Anonymous wrote:Anonymous wrote:Anonymous wrote:OP, are you afraid to know how much your DCPS school sucks?
Is that the point of all this testing? Really?
Yes, really. It's a matrix people need to know about.
Anonymous wrote:Anonymous wrote:OP, are you afraid to know how much your DCPS school sucks?
Is that the point of all this testing? Really?
Anonymous wrote:What schools are focusing so hard on teaching to the test? My children’s schools do well as schools and my children do well individually. I am not aware of excessive or even special time being set aside for test prep. They teach the curriculum which includes math and reading comprehension. The worst that happens is the testing week.
Anonymous wrote:I don't mind the test, but there shoudln't be a need for test prep. Students just take the test whenever it comes up and the test prep is whatever they learned that year.
The time becomes more valuable in high school and shouldn't be wasted on test prep. In elementary school you have plenty of time to have classroom time and test time.
Anonymous wrote:OP, are you afraid to know how much your DCPS school sucks?
Anonymous wrote:The original links are about how other systems
are stopping them because they stink not because of how easy or hard they are. The main problem I have is the amount of time spend teaching to the test at the expense of spending that time on better ways to teach and a range of subjects. I don’t care that my kids can score a 5 on a stupid standardized test that they are trained like monkeys for and I do care that is happening at the expense of social studies, additional science, more creative and challenging language arts etc
Anonymous wrote:The "objective measure" we had in my day for ES and MS students was the Iowa Test of Basic Skills. We did no prep for this test, it could be taken in under two hours and was crafted and graded by a non-profit entity (the University of Iowa). No opt out movement developed around avoiding this test. The country could have stuck with a simple test of basic literacy and numeracy like that for the younger kids, along with the SAT, ACT, AP and International Baccalaureate exams for high school students.
High-stakes testing simply hasn't worked well to raise standards in our public schools. If you like to tout the merits of the high-performing school systems supported by economic competitor countries in Asia and Europe, then take a close look at what they do, rather than push testing as bandaid treatment. European countries tend to focus on alleviating child poverty in ways the US does not. Our competitors aren't afraid to academically track secondary school students, to ensure that the brightest and hardest working are appropriately challenged. They also aren't reluctant to accord teachers good training and high status professionally. Teacher pay doesn't tend to be better in other rich countries, but working conditions do. In Metro areas in China, the best teenage students are routinely invited to attend state-sponsored boarding schools for free. Etc. etc.
We aren't gaining much ground on ed reform in the global arena because we go about it the wrong way, the lazy, superficial, cheap, myopic way.

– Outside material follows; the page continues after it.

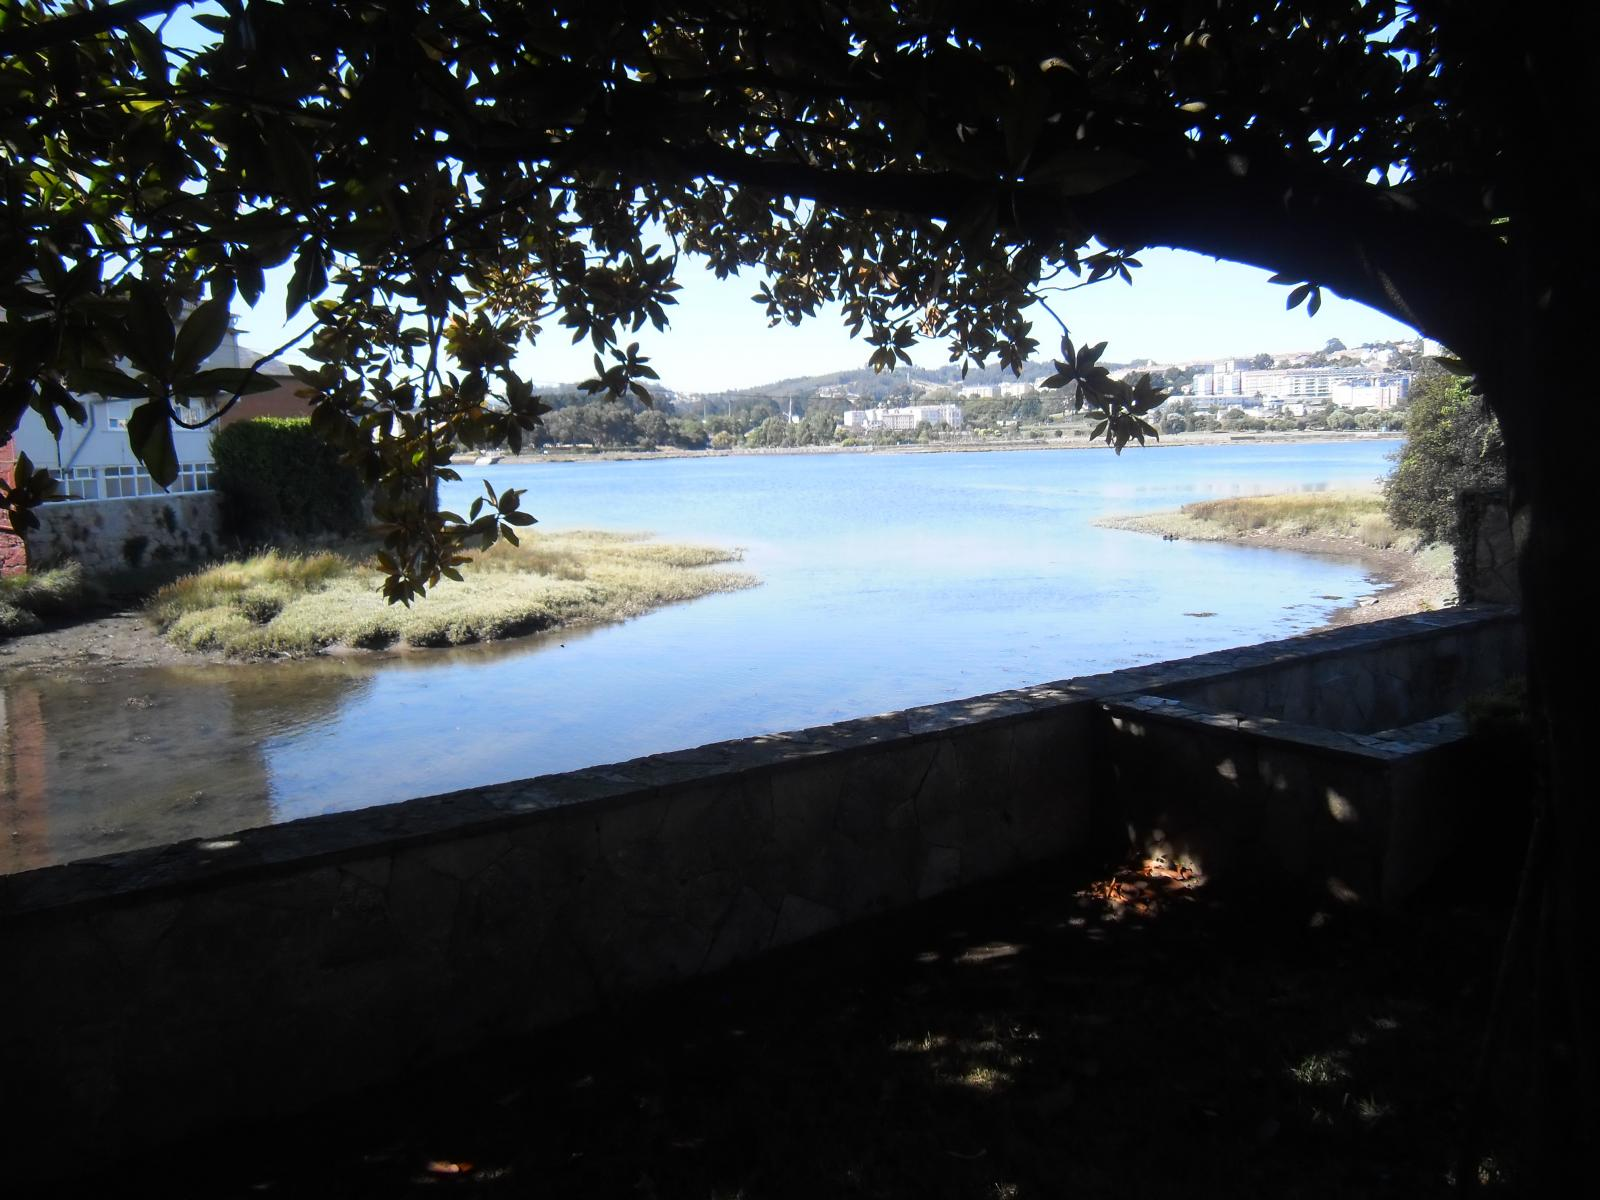 Foto 2 - Chalet independiente en venta en Oleiros, Ref: 1825929

Anonymous wrote:The "objective measure" we had in my day for ES and MS students was the Iowa Test of Basic Skills. We did no prep for this test, it could be taken in under two hours and was crafted and graded by a non-profit entity (the University of Iowa). No opt out movement developed around avoiding this test. The country could have stuck with a simple test of basic literacy and numeracy like that for the younger kids, along with the SAT, ACT, AP and International Baccalaureate exams for high school students.
High-stakes testing simply hasn't worked well to raise standards in our public schools. If you like to tout the merits of the high-performing school systems supported by economic competitor countries in Asia and Europe, then take a close look at what they do, rather than push testing as bandaid treatment. European countries tend to focus on alleviating child poverty in ways the US does not. Our competitors aren't afraid to academically track secondary school students, to ensure that the brightest and hardest working are appropriately challenged. They also aren't reluctant to accord teachers good training and high status professionally. Teacher pay doesn't tend to be better in other rich countries, but working conditions do. In Metro areas in China, the best teenage students are routinely invited to attend state-sponsored boarding schools for free. Etc. etc.
We aren't gaining much ground on ed reform in the global arena because we go about it the wrong way, the lazy, superficial, cheap, myopic way.